## About this exercise
Could you repeat every line below exactly, skipping the images?

## Data below
• • • • • • •
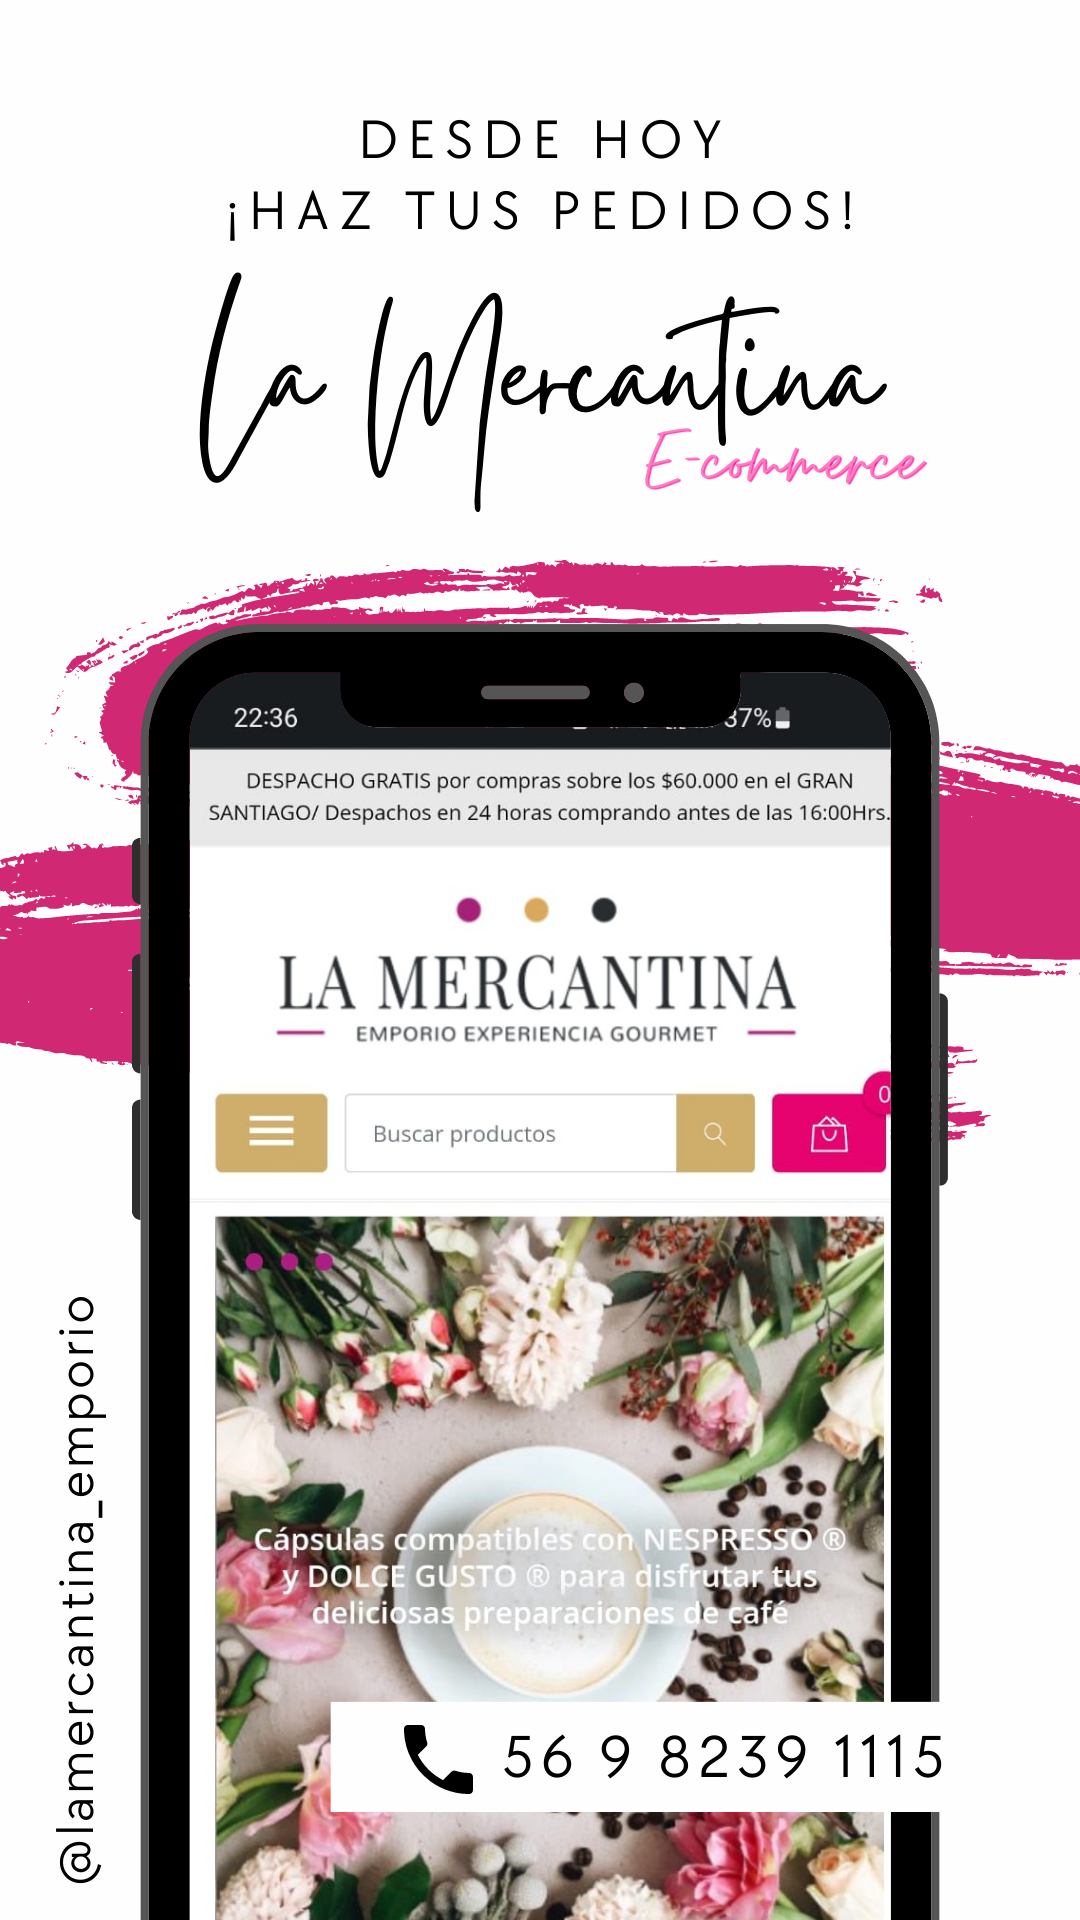 ¡Descubre la nueva experiencia gourmet en línea de La Mercantina!
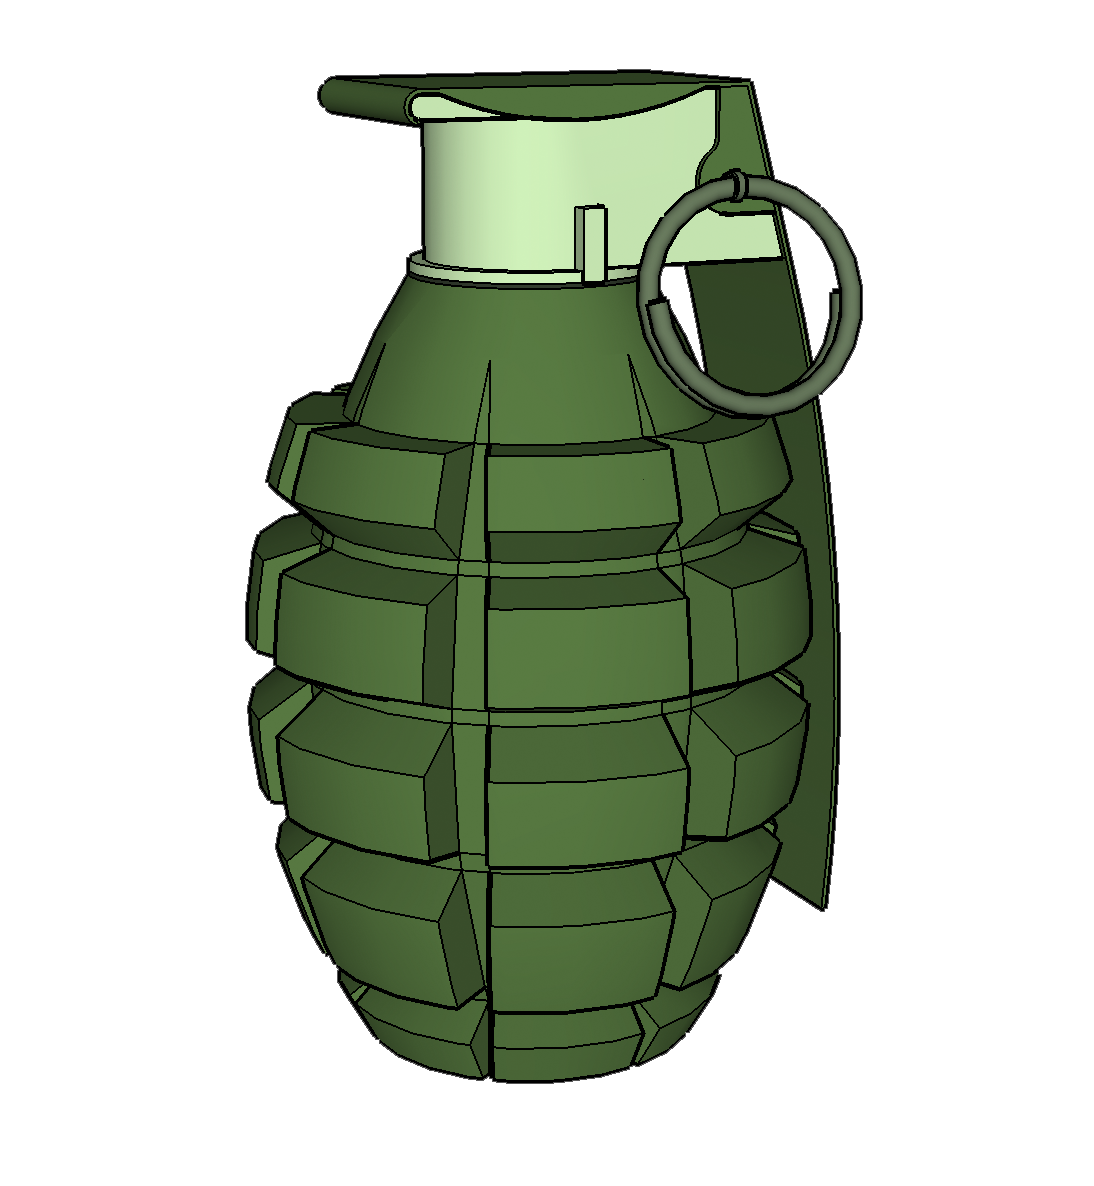 Mark 2 Grenade
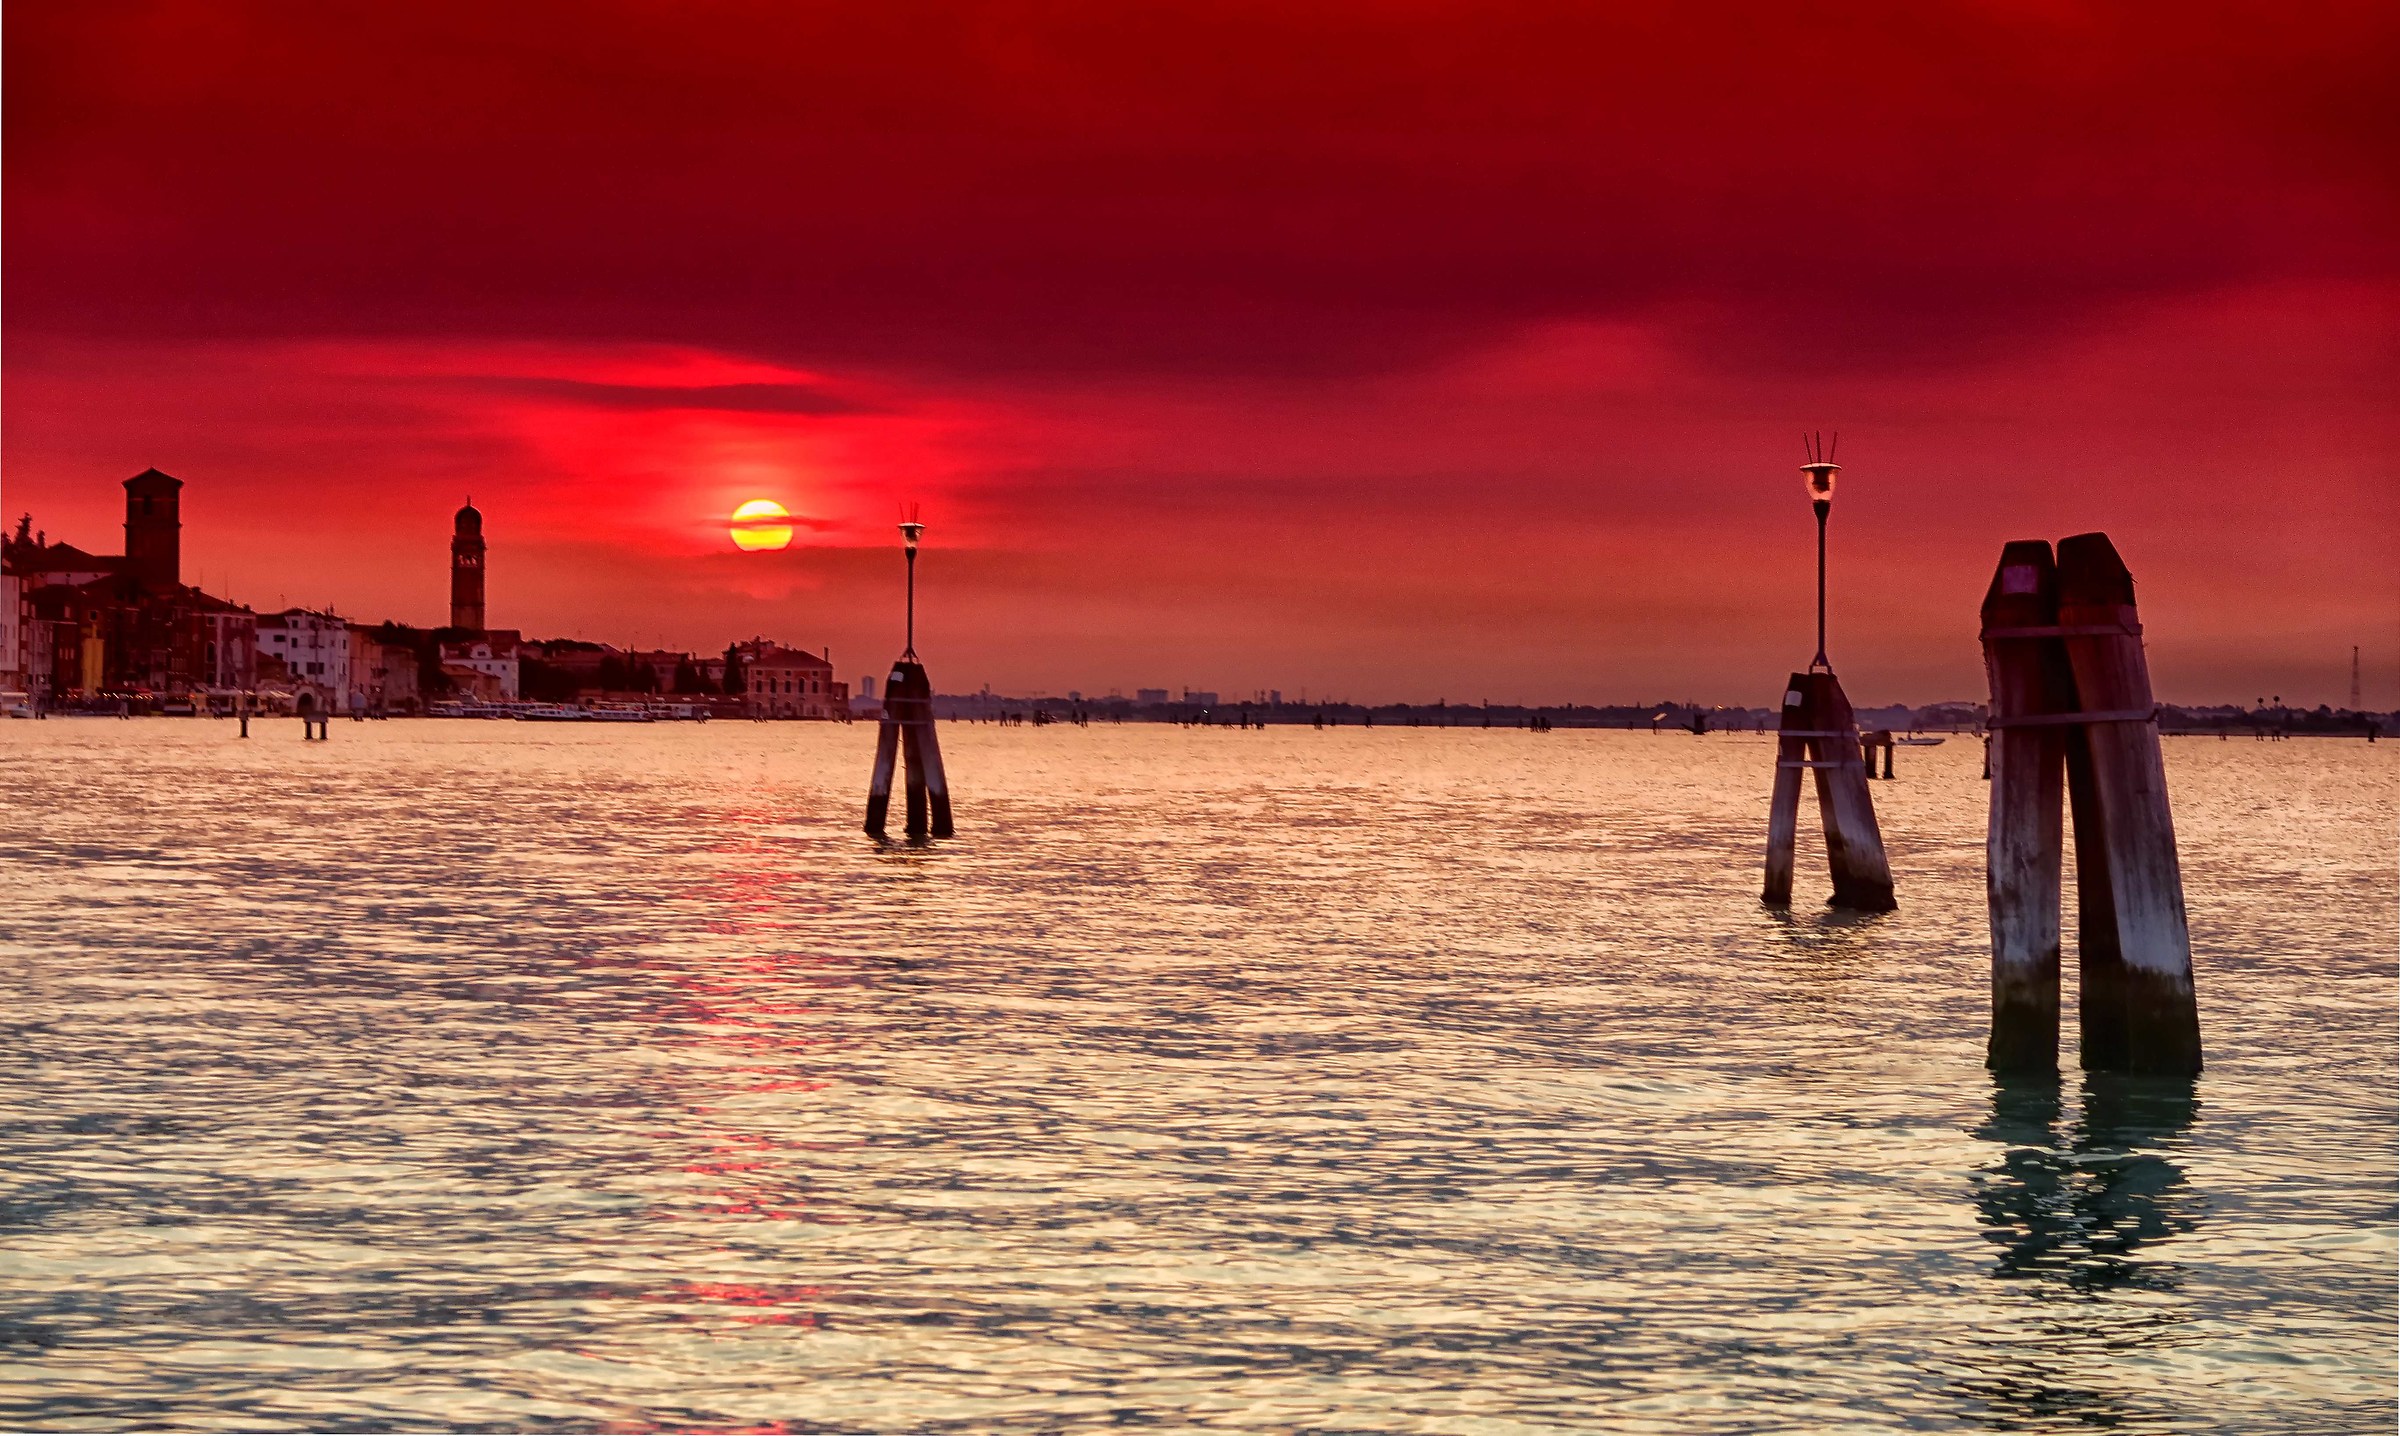 Sunset on the Lagoon of Venice...
• • • • • • •
## Response box
 ¡Descubre la nueva experiencia gourmet en línea de La Mercantina!
 Mark 2 Grenade
 Sunset on the Lagoon of Venice...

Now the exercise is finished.